Bunuel wrote:
An n-sided fair die has sides labeled with the numbers 1 through n, inclusive, where n > 3. If the die is rolled once, is the probability of rolling a "8" greater than 2/31 ?
(1) If the die is rolled twice, the probability that the numbers obtained are different is greater than 5/6.
(1) If the die is rolled twice, the probability that the numbers obtained are equal is greater than 1/8.
Official Solution:An \(n\)-sided fair die has sides labeled with the numbers 1 through \(n\), inclusive, where \(n > 3\). If the die is rolled once, is the probability of rolling a "8" greater than \(\frac{2}{31}\) ? The probability of rolling a "8" when rolling an \(n\)-sided die is \(\frac{1}{n}\), provided \(n\) is greater than or equal to 8 (if \(n < 8\), then the probability of rolling a "8" will be 0). So, the question asks whether \(\frac{1}{n} > \frac{2}{31}\), (which translates into \(n < 15.5\)) AND \(n > 7\). Thus the question became: is \(7 < n < 15.5\)
(1) If the die is rolled twice, the probability that the numbers obtained are different is greater than \(\frac{5}{6}\).
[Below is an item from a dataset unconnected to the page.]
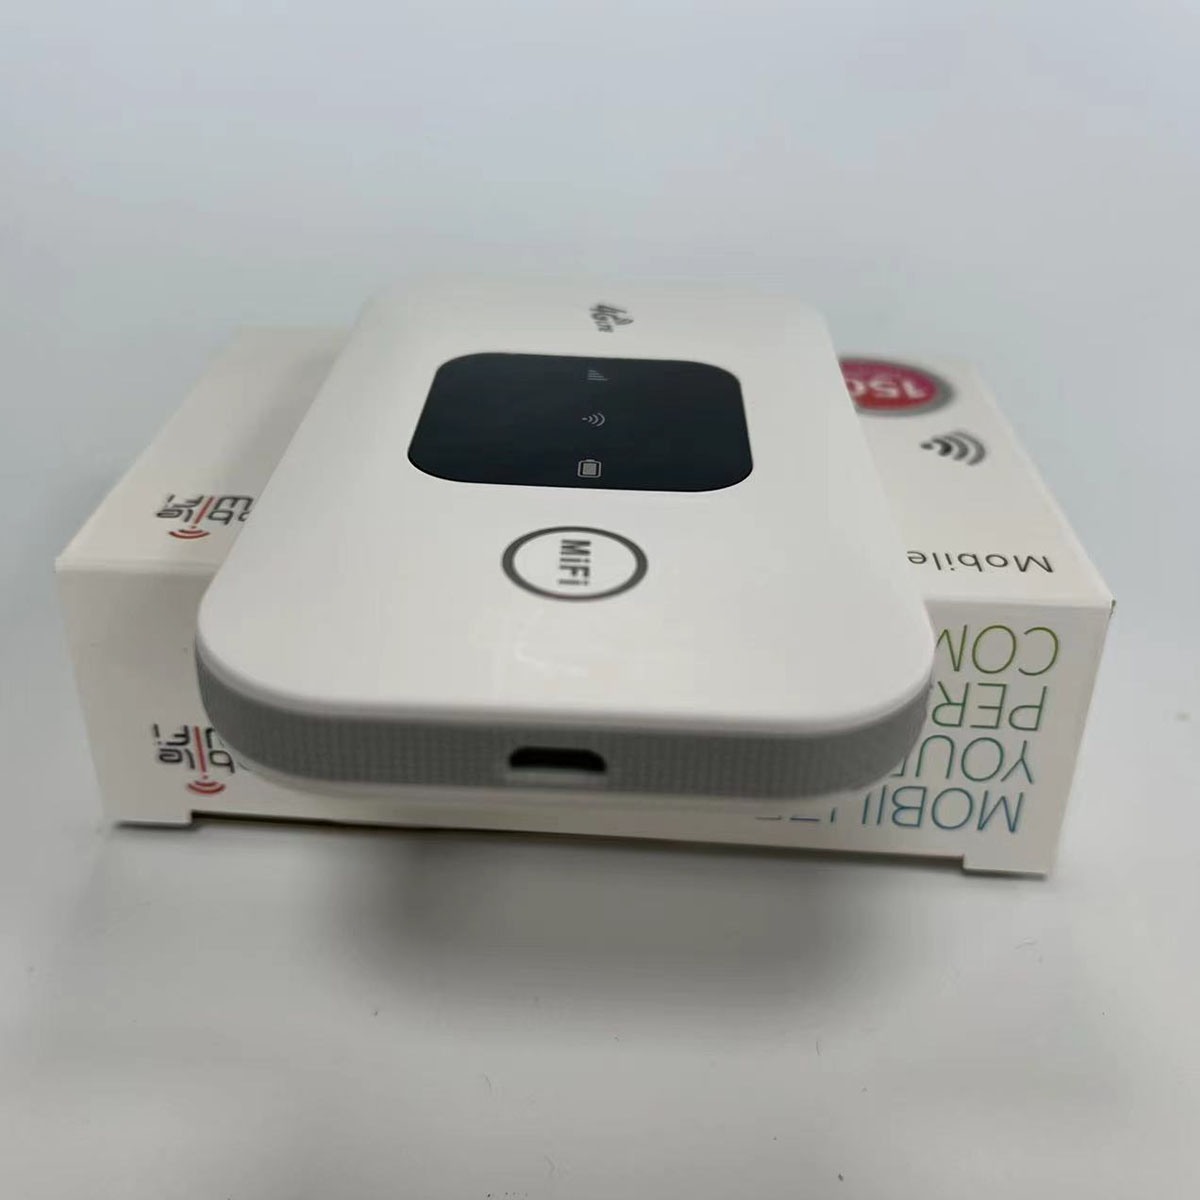 DECOME Y- MF800 WLAN router
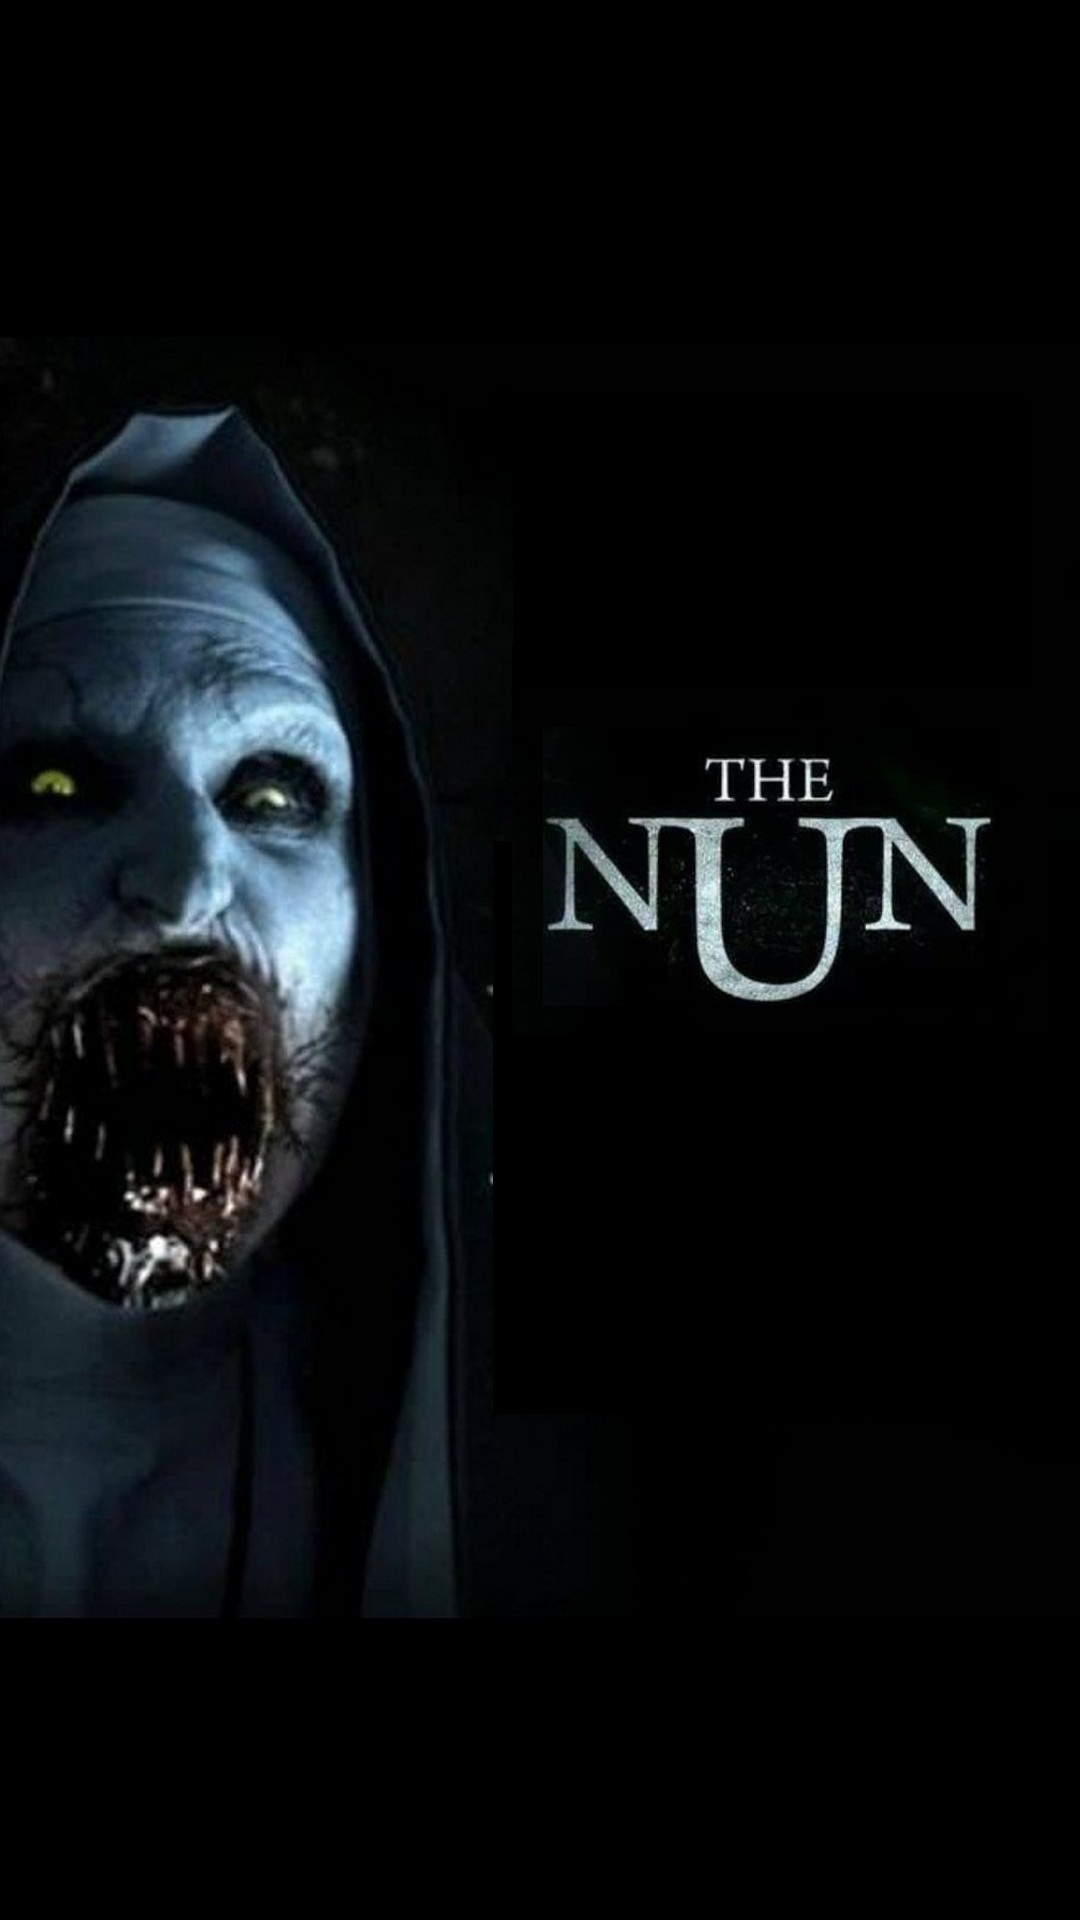 The Nun Poster Wallpaper For iPhone with image resolution 1080x1920 pixel. You can make this wallpaper for your iPhone 5, 6, 7, 8, X backgrounds, Mobile Screensaver, or iPad Lock Screen

\(P(two \ different \ numbers) = 1 - P(two \ same \ numbers)=1-1*\frac{1}{n}\). So, we are told that \(1-\frac{1}{n} > \frac{5}{6}\):
\(1-\frac{1}{n} > \frac{5}{6}\);
\(\frac{1}{6} > \frac{1}{n} \);
\(n>6\) (since \(n\) is positive).
If \(n=7\), then the probability of rolling a "8" is 0, so less than \(\frac{2}{31}\).
If \(8 \leq n \leq 15\), then the probability of rolling a "8" will be more than \(\frac{2}{31}\).
And if \(n > 15\), then the probability of rolling a "8" will be less than \(\frac{2}{31}\).
Not sufficient.
(2) If the die is rolled twice, the probability that the numbers obtained are equal is greater than \(\frac{1}{8}\).
\(P(two \ equal \ numbers)=n*\frac{1}{n}*\frac{1}{n}=\frac{1}{n} > \frac{1}{8}\). This leads to \(n < 8\). Therefore, the probability of rolling a "8" is 0. Sufficient.
Answer: B